When you make claims like this, you need to support them.
Are standard novels "typographically complex?" If not (and I'd say not), you'd be fighting *hard* to claim that complex books are the majority of existing books.

Many textbooks are typographically complex... but they're also designed to fit printing requirements. They have multiple columns because it's cheaper to print less pages, not because it's easier to understand data that way. (However, the multiple heading levels and variable chart/photo sizes, caption options, and callout text boxes keep them complex even if the two- or three-column standard went away.)

And while those *are* a significant portion of books published, they're a niche market; people not attending school rarely deal with them. It's possible that, as ebook tech gets better, they'll mostly be replaced with ebooks with entirely different layouts.

Quote:
New functionality like variable font sizes, in-book links to facilitate sensible jumping about, et cetera are great... but they do not make the product viable if it fails to meet the bare minimum quality standards set by paper books for the last several centuries.
Doctorow dealt with this topic in his essay "Ebooks: Neither E, Nor Books." (Emphasis added)
there was a time when books were hand-printed on rare leather by monks. The only people who could read them were priests, who got a regular eyeful of the really cool cartoons the monks drew in the margins. The priests read the books aloud, in Latin (to a predominantly non-Latin-speaking audience) in cathedrals, wreathed in pricey incense that rose from censers swung by altar boys.
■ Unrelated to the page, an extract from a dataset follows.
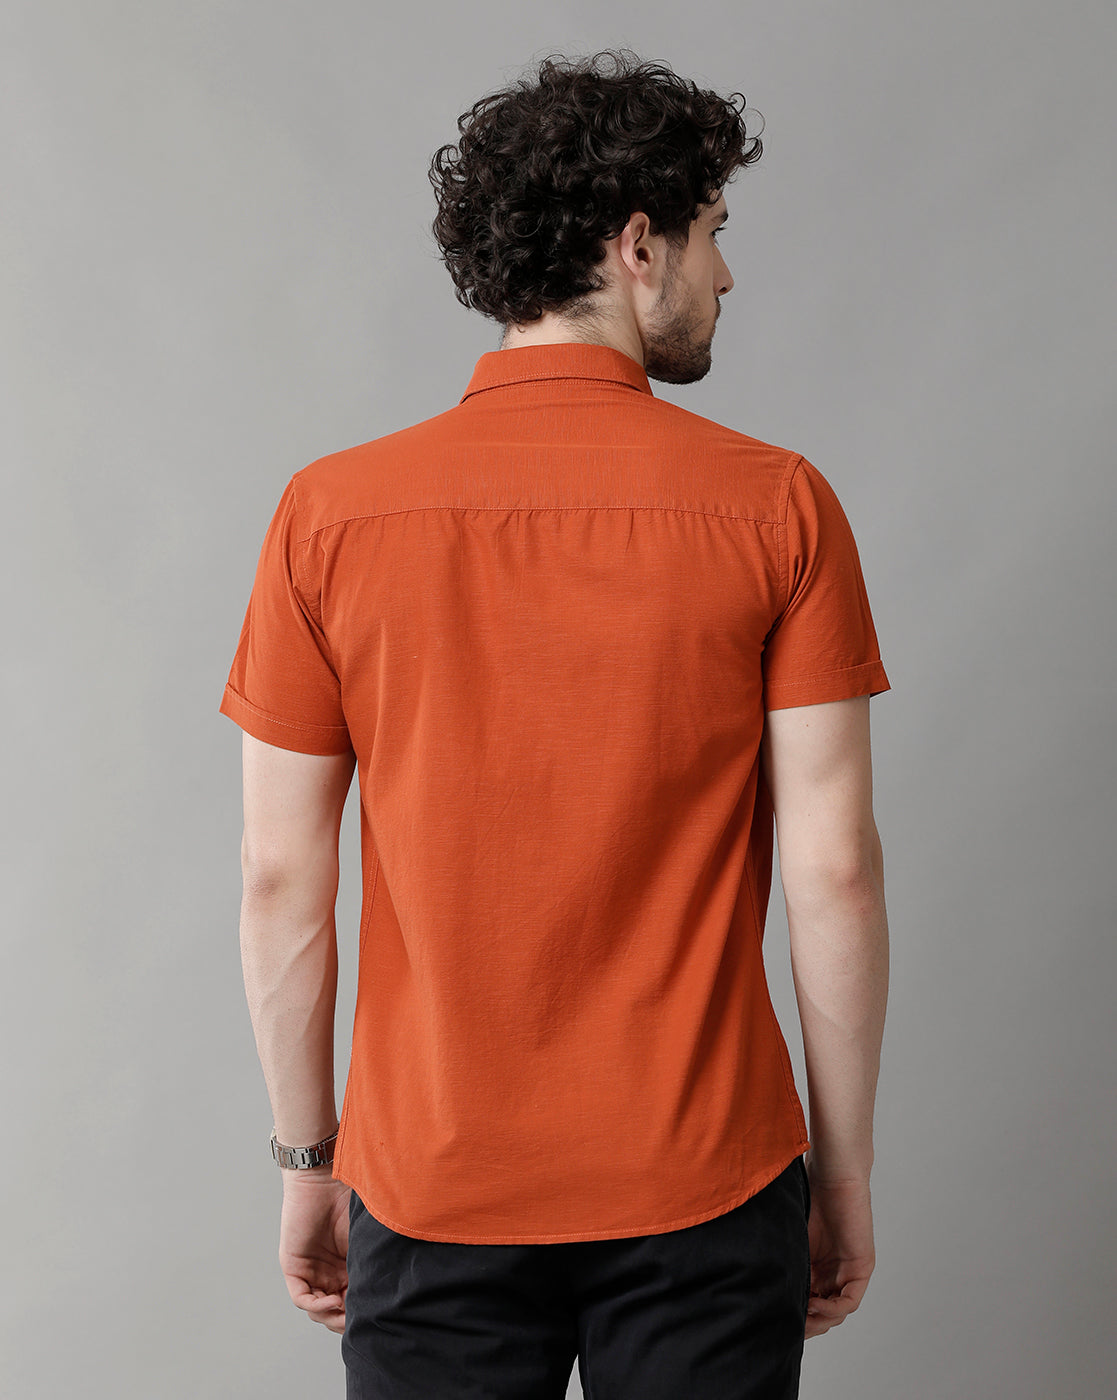 Marmalade Orange Linen Blend Slim Fit Half Shirt

Then Johannes Gutenberg invented the printing press. Martin Luther turned that press into a revolution. He printed Bibles in languages that non-priests could read, and distributed them to normal people who got to read the word of God all on their own.

* Luther Bibles lacked the manufacturing quality of the
illuminated Bibles.
They were comparatively cheap and lacked the
typographical expressiveness that a really talented monk could
bring to bear when writing out the word of God

* Luther Bibles were utterly unsuited to the traditional use-case
for Bibles.
A good Bible was supposed to reinforce the authority
of the man at the pulpit. It needed heft, it needed
impressiveness, and most of all, it needed rarity.

* The user-experience of Luther Bibles sucked. There was no
incense, no altar boys, and who (apart from the priesthood) knew
that reading was so friggin' hard on the eyes?

* Luther Bibles were a lot less trustworthy than the illuminated
numbers.
Anyone with a press could run one off, subbing in any
apocryphal text he wanted -- and who knew how accurate that
translation was?
And yet... the printed versions took off, despite the lack of pretty artwork and possibility of poor content quality.

Ebooks don't need to be "better than pbooks in every way." They need to fill a niche that pbooks can't fill--and they're doing that.